Nous sommes le 18 septembre 2023, le cours de la Société Générale chute de 12% suite à la présentation du plan stratégique par son nouveau dirigeant. Pourtant, il n’y a aucun risque systémique bancaire en jeu. Nous sommes bien loin du mois de janvier 2008, où une crise de solvabilité menaçait la banque et faisait planer le spectre d’une faillite. A titre de comparaison, le 24 janvier 2008 – jour où l’affaire Kerviel est révélée au public – l’action ne perdra « que » 8%.
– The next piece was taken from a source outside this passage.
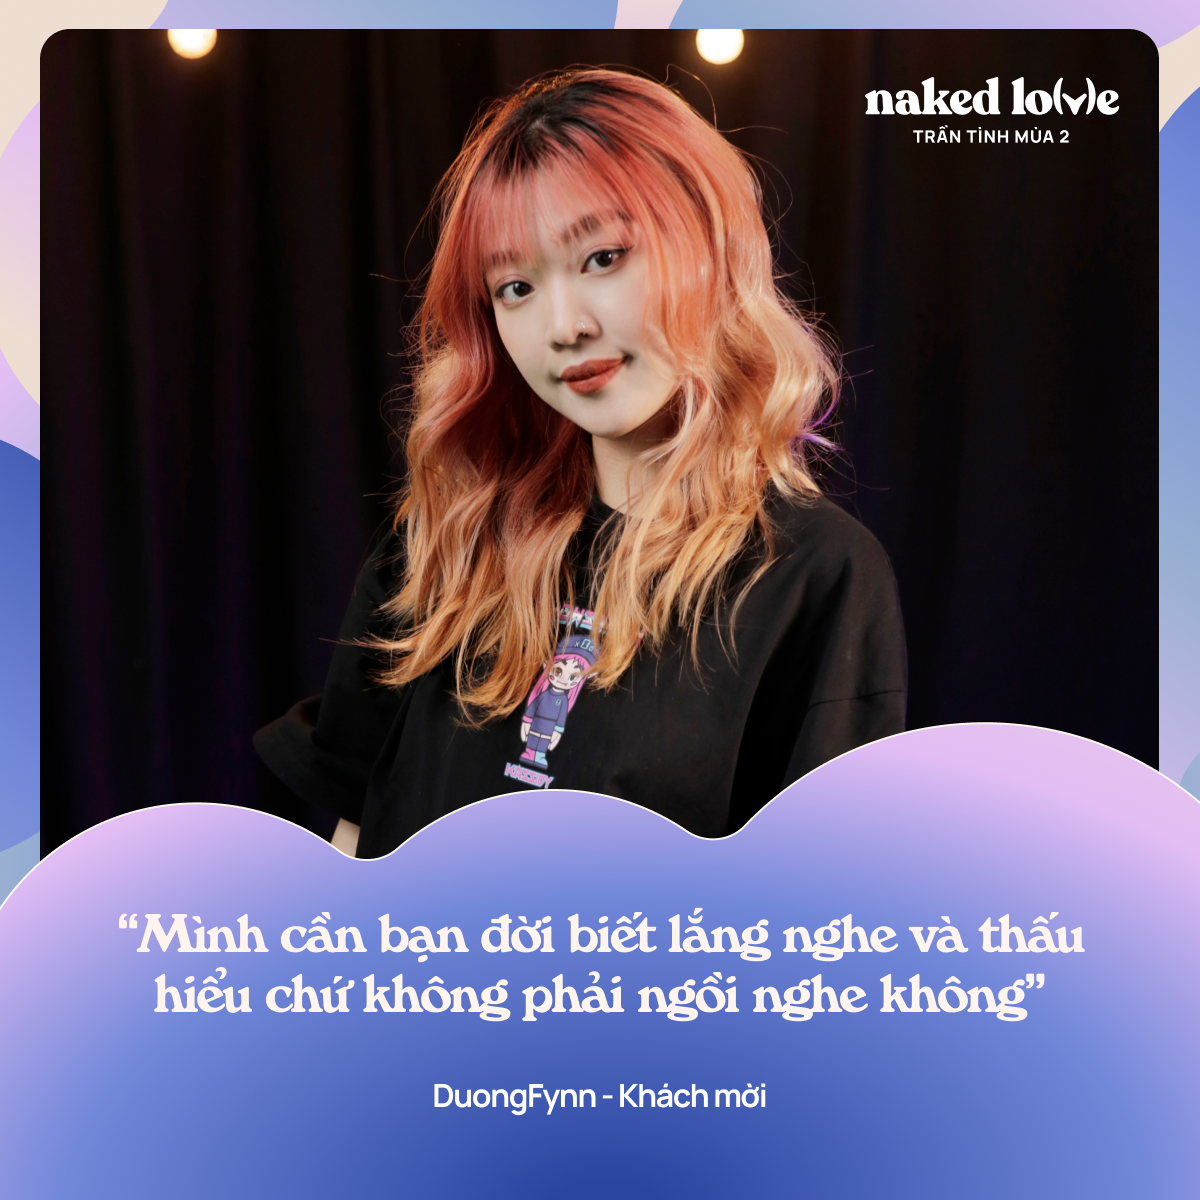 DuongFynn chooses a life partner who is educated, Quynh Luong responds sharply:

Nous sommes également loin du mois d’août 2011, en pleine crise des dettes souveraines de la zone euro, où circulaient des rumeurs plus ou moins fondées sur des tensions de liquidité touchant plusieurs établissements bancaires, dont la Société Générale. Ce contexte particulièrement anxiogène avait conduit à une chute de 17% du cours de l’action en une seule séance, le 10 août 2011, avec une variation intraday vertigineuse de 36% entre le plus haut et le plus bas.
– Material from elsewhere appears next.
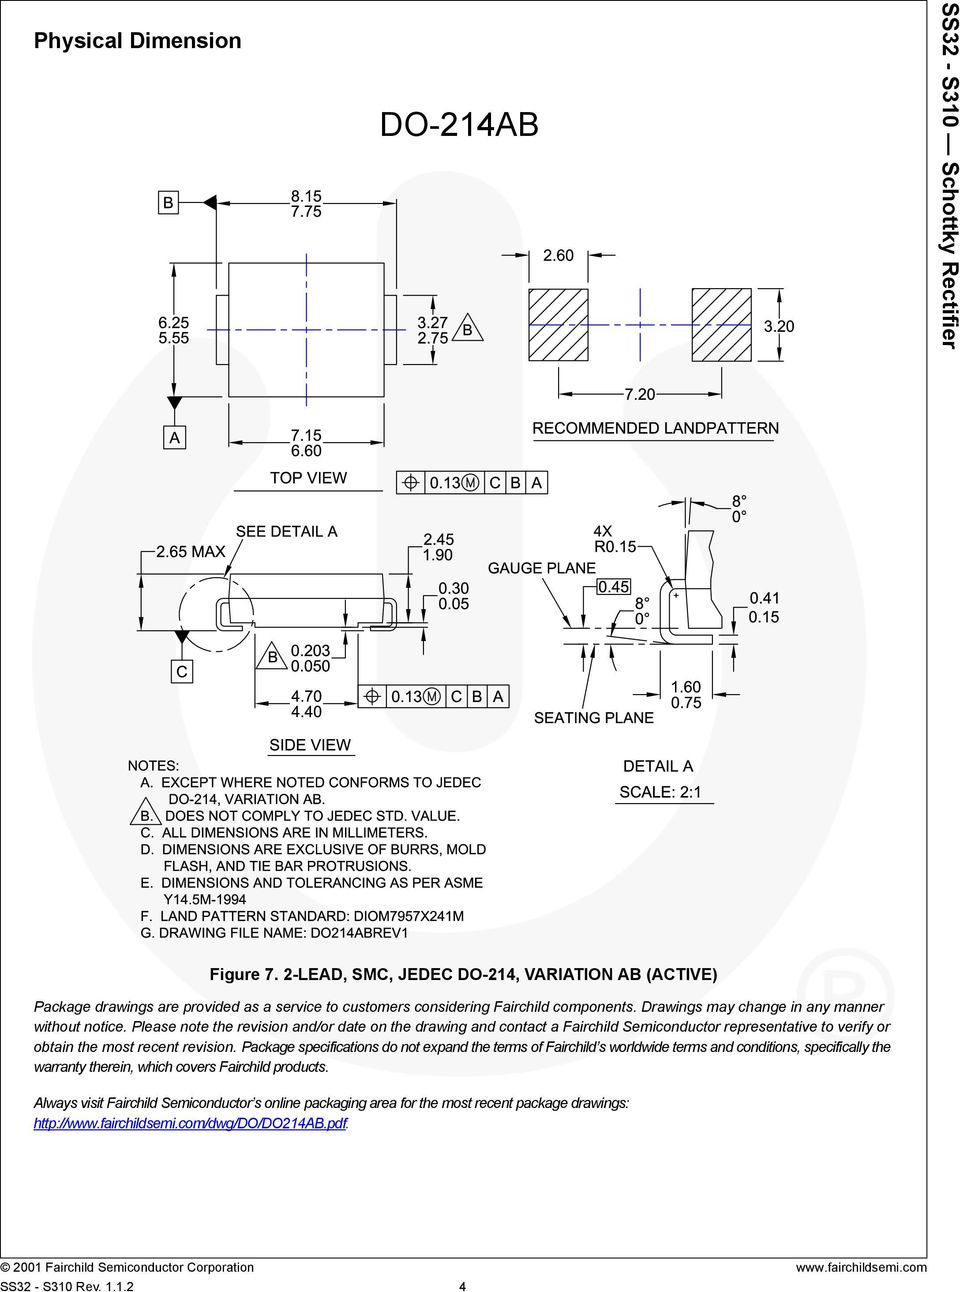 Please note the revision and/or date on the drawing and contact a Fairchild Semiconductor representative to verify or obtain the most recent revision.

Mais ce 18 septembre 2023, la sanction des marchés est purement absurde : une baisse de 12% du titre SG, simplement parce que le plan stratégique présenté par le nouveau dirigeant n’a pas été jugé suffisamment « market friendly ».

Certes, une légère réévaluation à la baisse de l’objectif de ROE est annoncée. Mais elle s’inscrit dans un contexte sain : celui du relèvement de la cible de solvabilité (13% de ratio CET1, au lieu de 12%, excusez du peu), donc davantage de fonds propres. Alors oui, à court terme, c’est contrariant. L’augmentation de la solvabilité nécessitera une augmentation des fonds propres, et plus ceux-ci seront élevés, plus le ROE sera mécaniquement réduit, toutes choses égales par ailleurs.

Autre annonce qui déplaît fortement et qui découle directement de la précédente : un taux de distribution des dividendes probablement plus faible que celui des concurrents (autour de 40%, contre 50% à 60% ailleurs), afin de mettre en réserve une plus grande part des résultats pour restaurer la solvabilité.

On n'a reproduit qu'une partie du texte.